I would strongly object to requiring that a binding specification
be responsible for providing a mechanism for communicating what
amounts to little more than a "hint" to the SOAP processor. If they
want to go there, they are free to do so, but we shouldn't be
imposing any requirement that clearly cannot be readily fulfilled
by many communication protocols, email being but one of these.



Mark Baker wrote:

> Hi Stuart,
>>Hi Mark,
>>I think that there is a small hook for this in the current HTTP binding and
>>it was probably intended to be a larger hook that it currently seems to be.
>>A property named "transport:faultHint" is used (once) at the requesting node
>>with a boolean value is used to signify the receipt of an HTTP response with
>>a 500 status code.
> Ah, didn't see that.  If we go with this though, it should also hold
> that a Fault is a Fault if it's over 4xx or 5xx.
>>We need to include a description this property in the table at the end of
>>section 6 [1]. We can also make use of it at the responding node as a means
>>by which the responding SOAP processor can instruct the binding that it
>>regards the SOAP response as containing a fault.
> I'm unclear what you mean by that last sentence, but I reckon that it's
> not important to this discussion (right?).
>>An interesting question is then how we mark out a simlar use/mention
>>distinction in the email binding.
> Good point.  I haven't looked at it yet.  I'll try to do that soon.

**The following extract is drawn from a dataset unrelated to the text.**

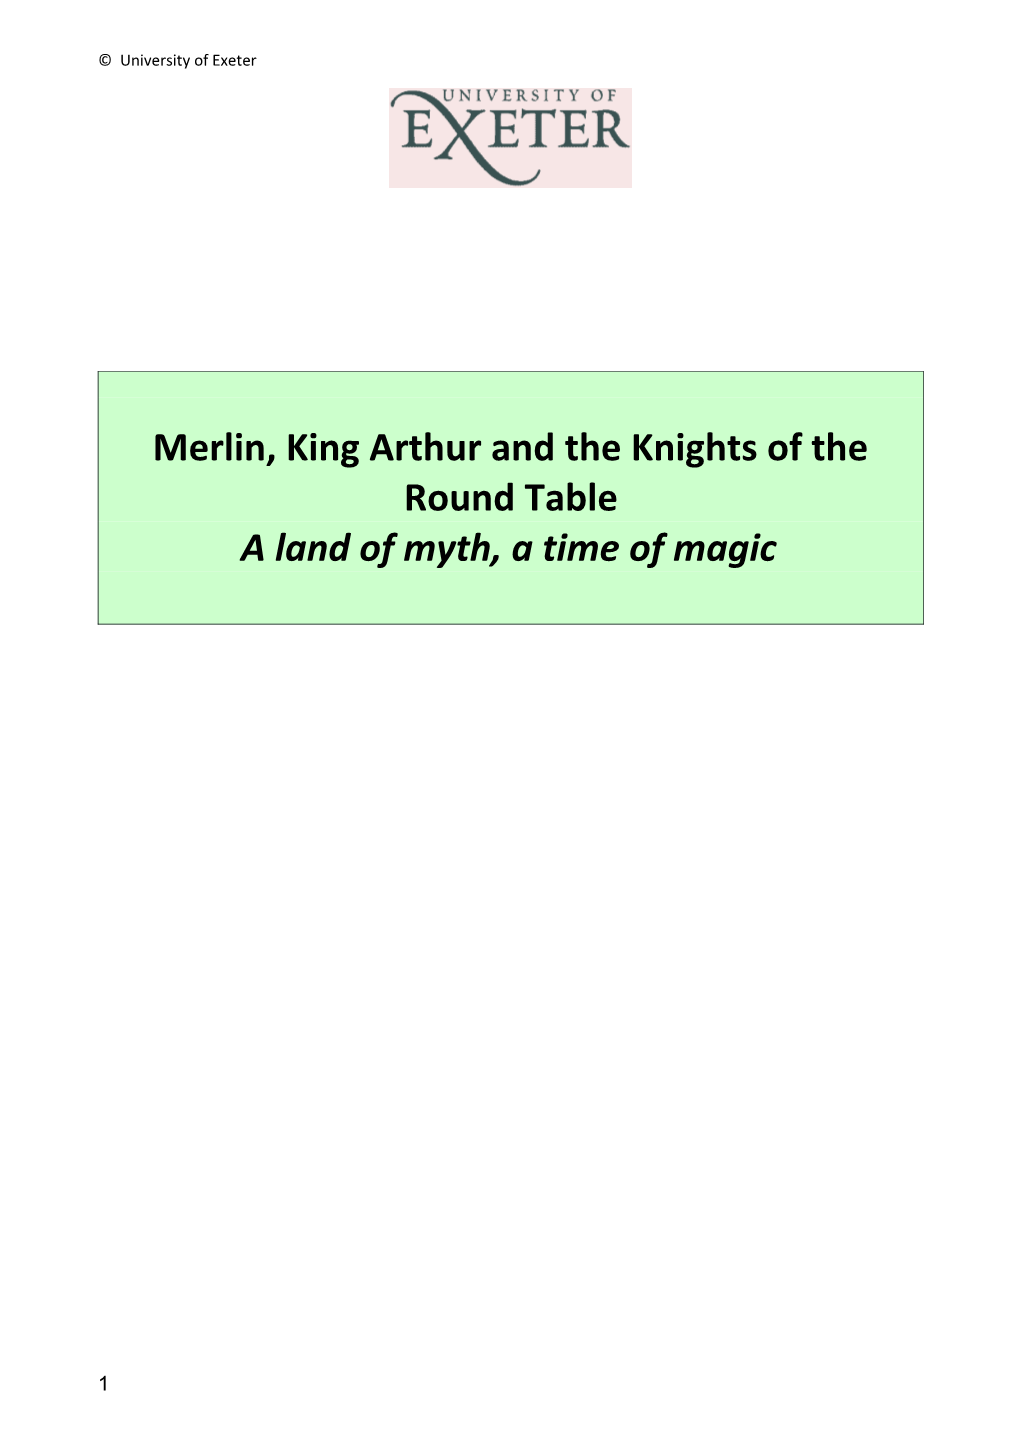 Merlin, King Arthur and the Knights of the Round Table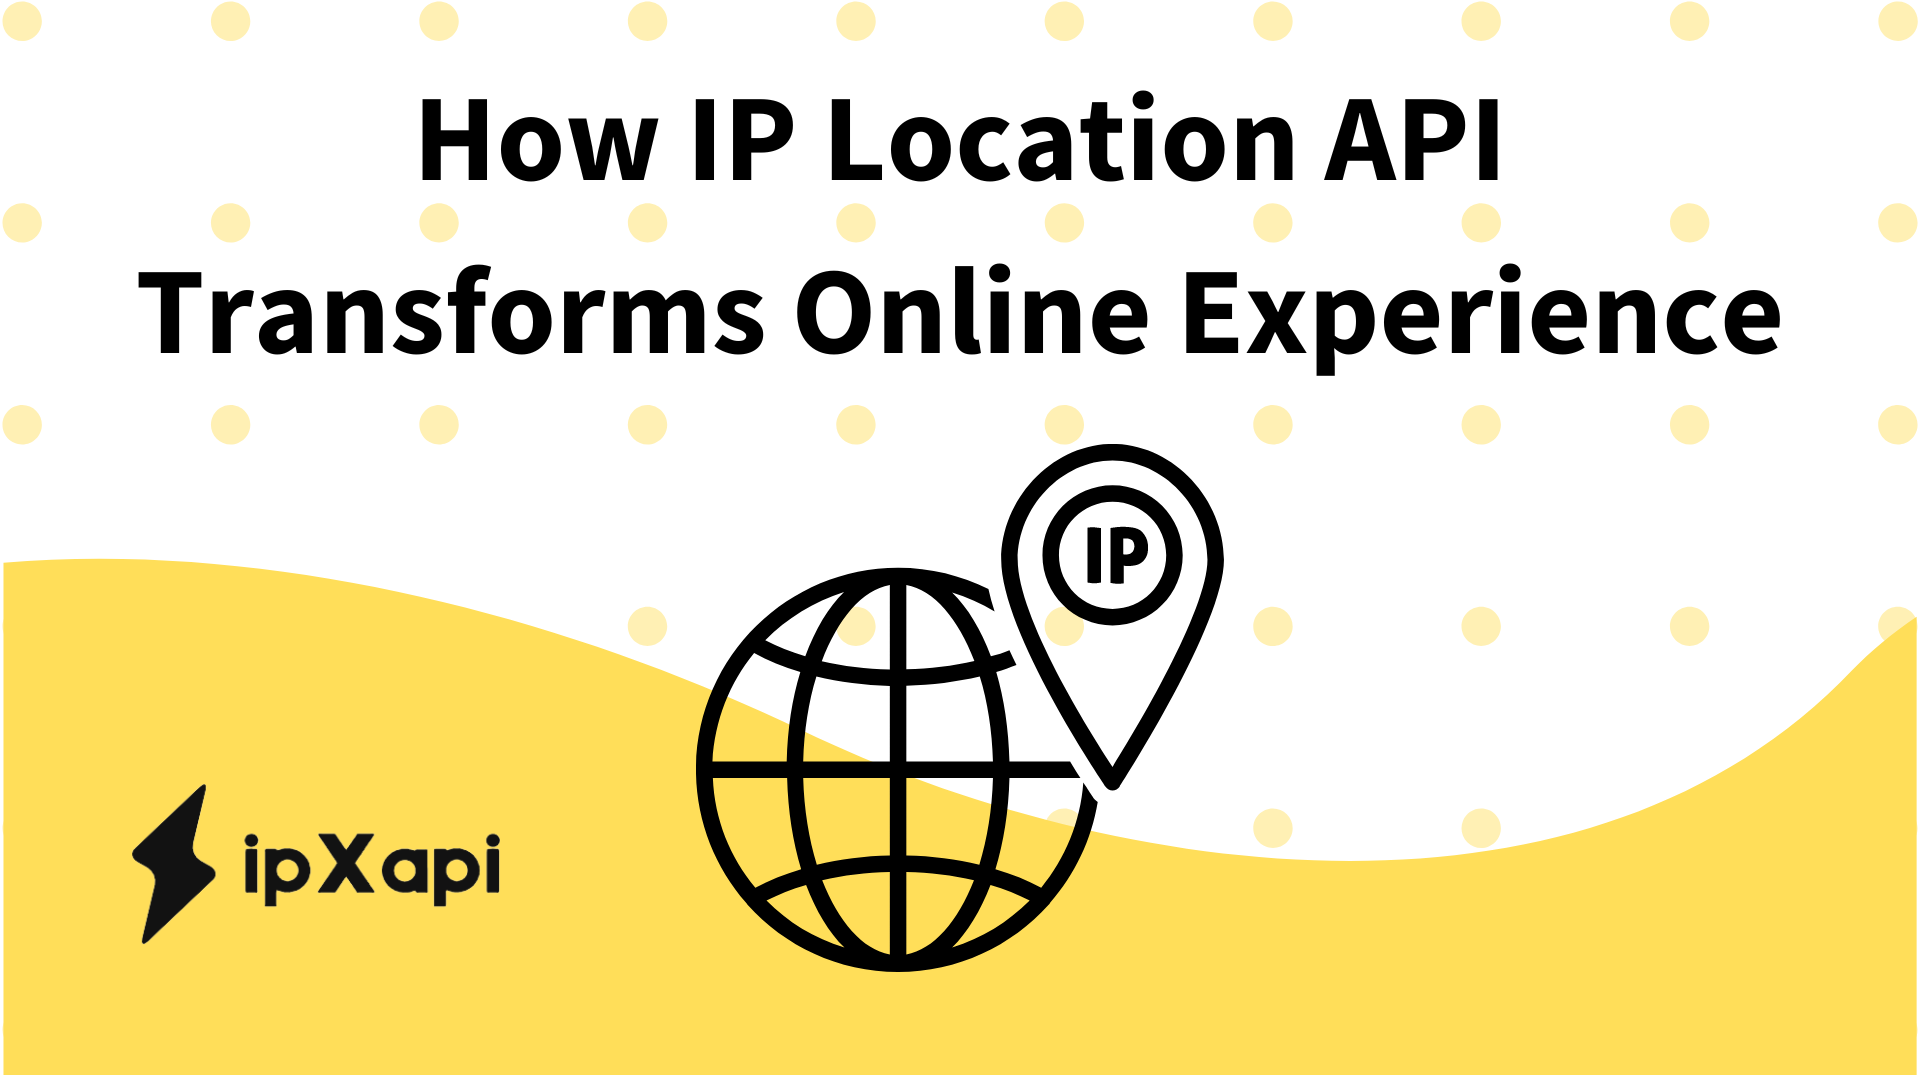 How IP Location API Transforms Online Experience

>>There are a number of cases that your question brings up:
>>  a) marking of faults carried in HTTP requests 
>>     (eg. a one-way message reporting a fault in some TBD MEP)
>>  b) receipt of an HTTP (POST?) response, status code 500, containing 
>>     a SOAP envelope that does *not* contain a SOAP fault.
>>  c) receipt of an HTTP response, status code <> 500, containing 
>>     a SOAP envelope that *does* contain a SOAP Fault.
> Right.
>>The original intent of "transport:faultHint" was not so much as to enable
>>the 'use'/'mention' distinction that you cite on your question. I'm not sure
>>that I really want to go there. I think for the 'mention' use-case that you
>>raise I would prefer to see a way to quote faults inside a SOAP message.
>>That way, the primary way to know whether a fault is a fault is merely its
>>unquoted presence in a SOAP message. Yes... do the right thing with the
>>status codes underneath aswell... but make the distinction clear in the SOAP
> Which mechanism are you suggesting be authoritative?  I would be
> uncomfortable with using anything other than the success/fail mechanism
> of the underlying protocol, where present.  And where it's not present,
> I don't think it matters much how it's determined, as long as it's
> standardized in the binding.
> Another option is including some information within the envelope to
> indicate the intent, but that feels uncomfortable to me.  Not sure
> why exactly, but I'll think more about it.